From a reconfigured entry sequence to a pre-function and rehearsal space that doubles as a storm shelter to the 760-seat auditorium, the 18,000-square-foot addition is an exercise in multi-functionality, efficiency, and creating interest and whimsy with basic materials.
By necessity, a performing arts venue is large, windowless volume. Because the addition is located at the front of the school, the exterior needed to sing as much as the interior. The flat concrete of the pre-cast structure is painted grey. In shades of lighter grey and white, the school’s name is spelled out in shapes meant to emulate the beams of a spotlight. Completed on the heels of a district rebrand, the school’s new mascot – a wolf – is intentionally placed at eye level to create insta-worthy moments as students and families enter the new venue for events.
The neutral exterior is in stark contrast to vibrant color inside the lobby, where the same dynamic abstract spotlight beams – this time in the school’s signature red and yellow – hide the letter M in many shapes and sizes. The ceiling is sprayed to dampen sound in what is essentially a concrete bunker to meet IC-500 storm shelter ratings. In order to maximize storm shelter square footage, a single low bench creates minimal seating.

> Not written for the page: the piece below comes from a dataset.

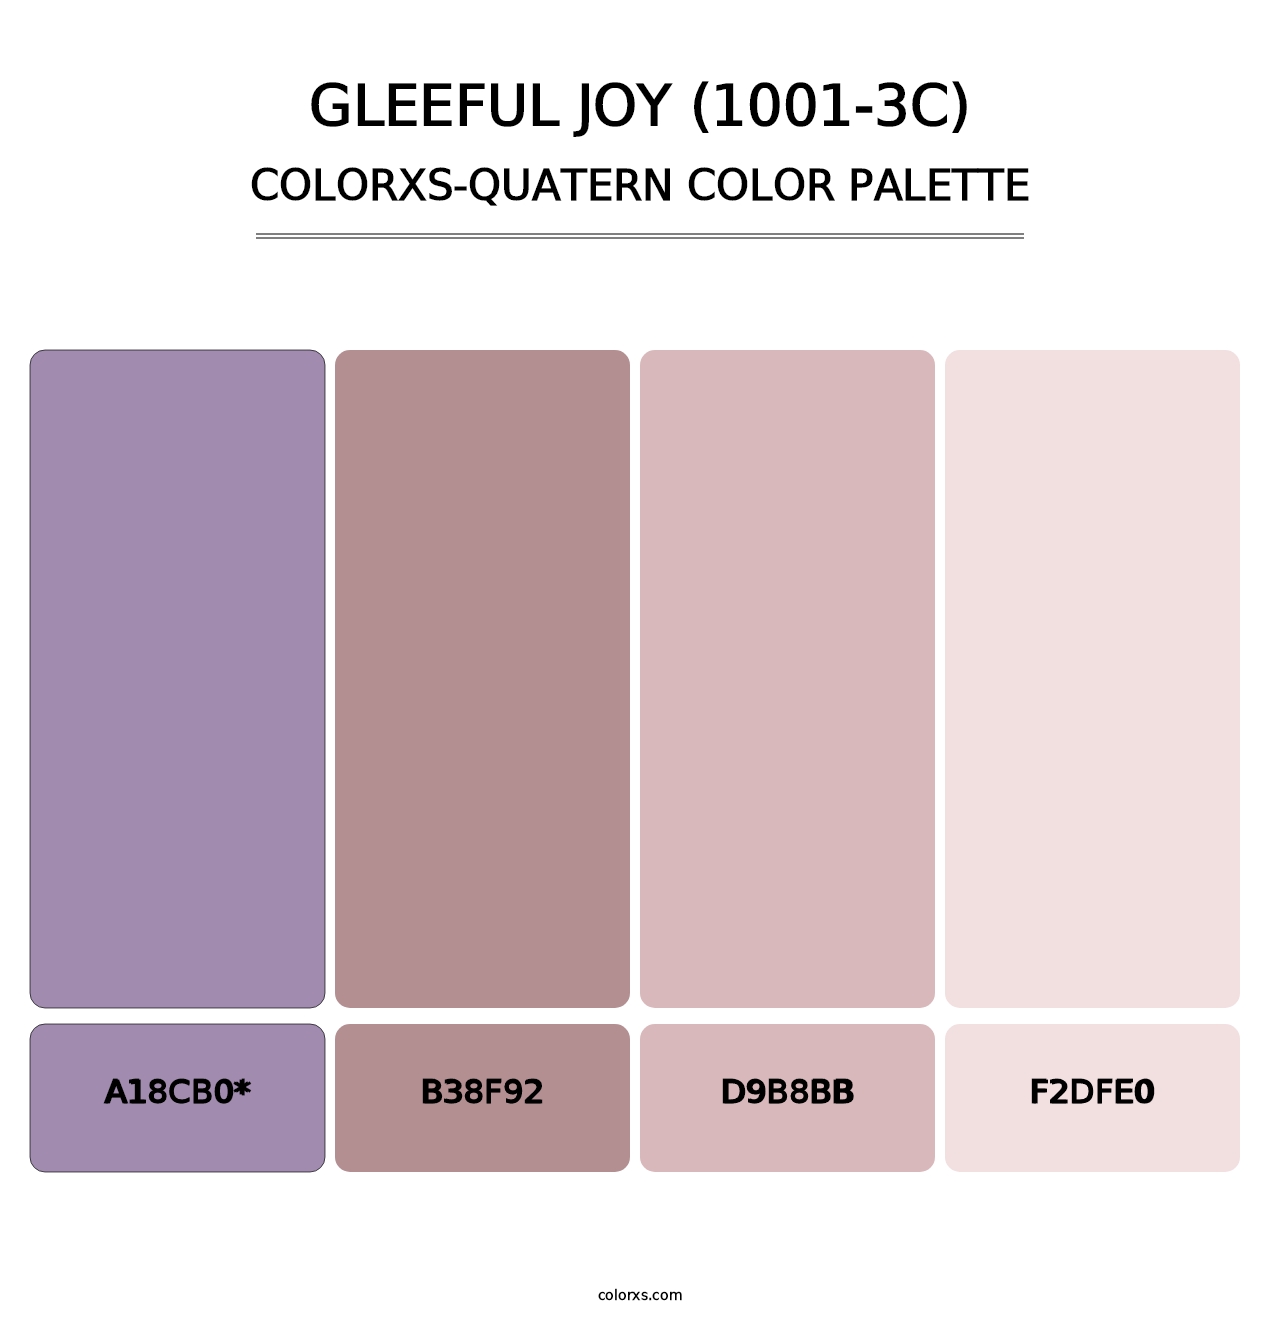 Gleeful Joy (1001-3C) - Colorxs Quatern Palette

In this room and in the adjacent practice room, utilitarian lights are hung creatively. In the prefunction lobby, the lights and carpet both direct patrons to the auditorium entrance. In the flat-floor rehearsal space, the lights form multiple Ms in the mirror wall’s reflection. This room can also be a black box theatre, with curtains that move to cover the mirror, which is intentionally the exact dimensions as the stage opening.
Color again is the star of the show in the auditorium, where red drenches the walls and covers the seat cushions. The view is intentionally more dramatic from the stage, and less so from the audience’s perspective, with black seat backs and a blonde oak concert shell breaking up the color’s intensity.
The dramatic red paint and strategic lighting also serve to camouflage the mix of concrete block and drywall on the cheek walls. The material choice was driven by cost, not preference, in a space where the budget was preserved for lighting, acoustics, and technology, as well as comfortable seating – all of which support the spaces’ function above all else.
In this room an M appears again, this time hidden on the ceiling in acoustic panels, visible only from the audience’s vantage point.
For a district that waited decades to finally have a space that supports its award-winning fine arts program, the new auditorium meets and exceeds the community’s anticipation with a dramatic palette that makes the most of a finite budget.